Under the current bonus system there is no way to unbundle the intent to consume products as ultimate users from their desire to remain qualified for bonuses.
THE ANSWER TO COMPANIES’ PAY TO PLAY DILEMMA
Having forced you to read why inventory purchases cannot be a requirement to participation, I’ll answer the question you’ve been repeatedly asking yourself: what choice do I have? For me, it’s rather simple. Three choices clearly exist and are the same choices we’ve written about in the past regarding the post-vemma world.
For the sake of brevity I will quickly summarize:
- Stand pat, do nothing, and hope you don’t get caught. Just excuse me when I politely say, “told you so,” when the FTC suddenly receives unilateral control over your company; or,
- Require that at least half of the required inventory purchase come from legitimate and verifiable customers; or,
- Eliminate required inventory purchases altogether.
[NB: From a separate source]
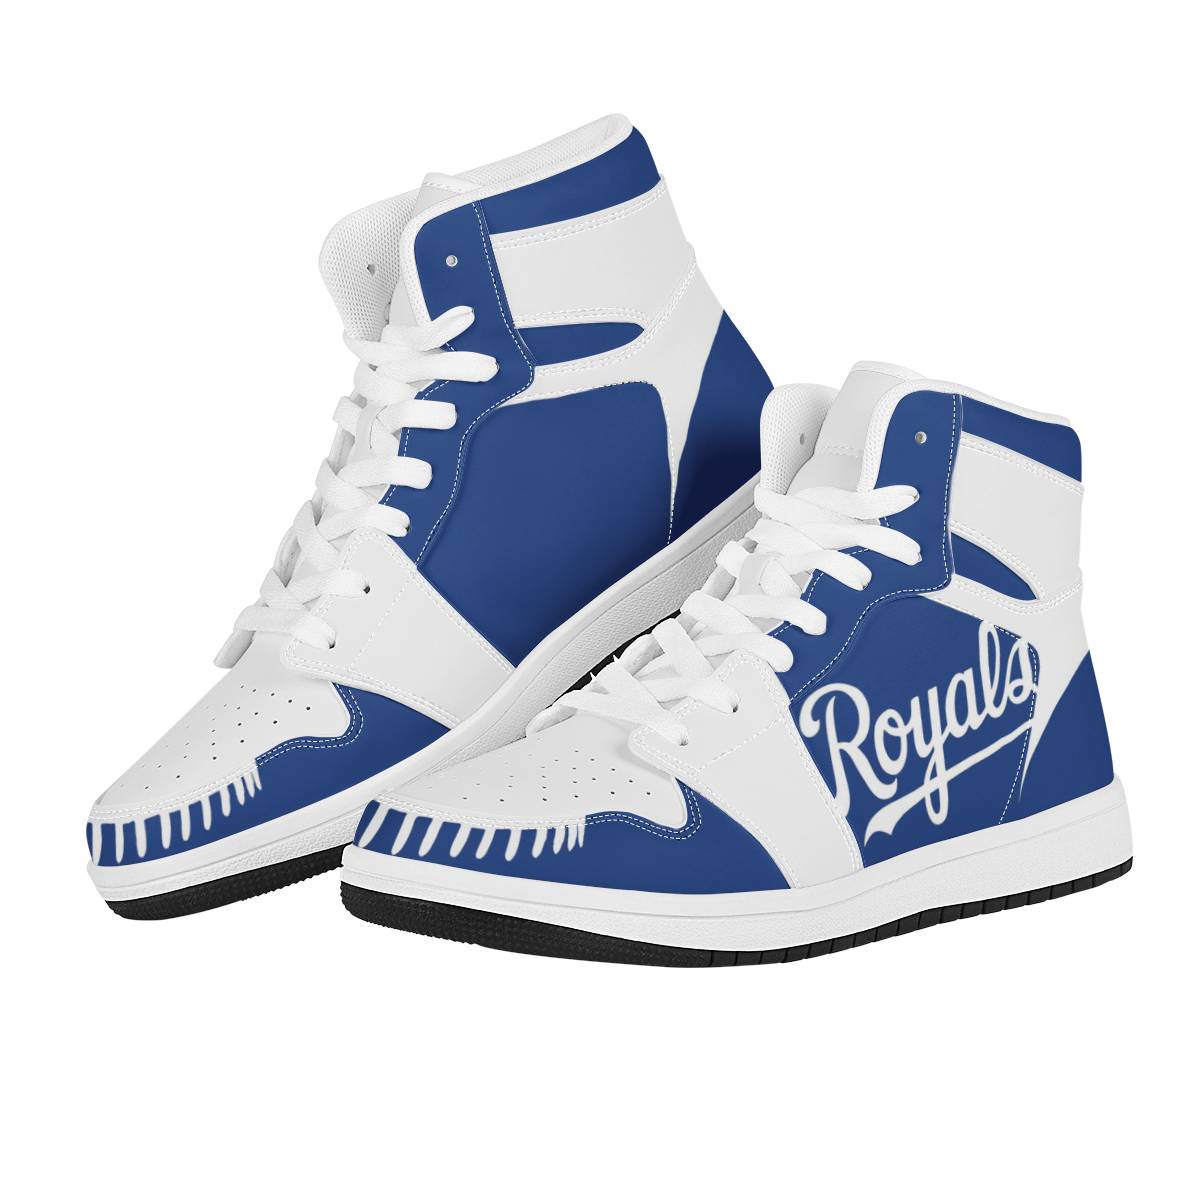 Women's Kansas City Royals High Top Leather AJ1 Sneakers 003

What better way to see if your product really does, in fact, have intrinsic market value than by no longer requiring volume goals. I call this the Kevlar approach, because a company choosing to eliminate PV (personal volume) has made a regulator’s job of shooting it down as a pyramid scheme A LOT more difficult.
To conclude, one of the first things I notice when I evaluate an MLM’s business model is whether or not it charges participants for the right to participate. As I’ve studied regulators arguments, the companies they’ve pursued, and how the court proceedings have shaken out, there’s no way around it — quid pro quo / pay to play is the logical starting point to the pyramid scheme determination.
If companies really want to stay on the right side of the law, the quid pro quo dilemma isn’t a dilemma at all. The choice is easy — it’s just not worth the risk.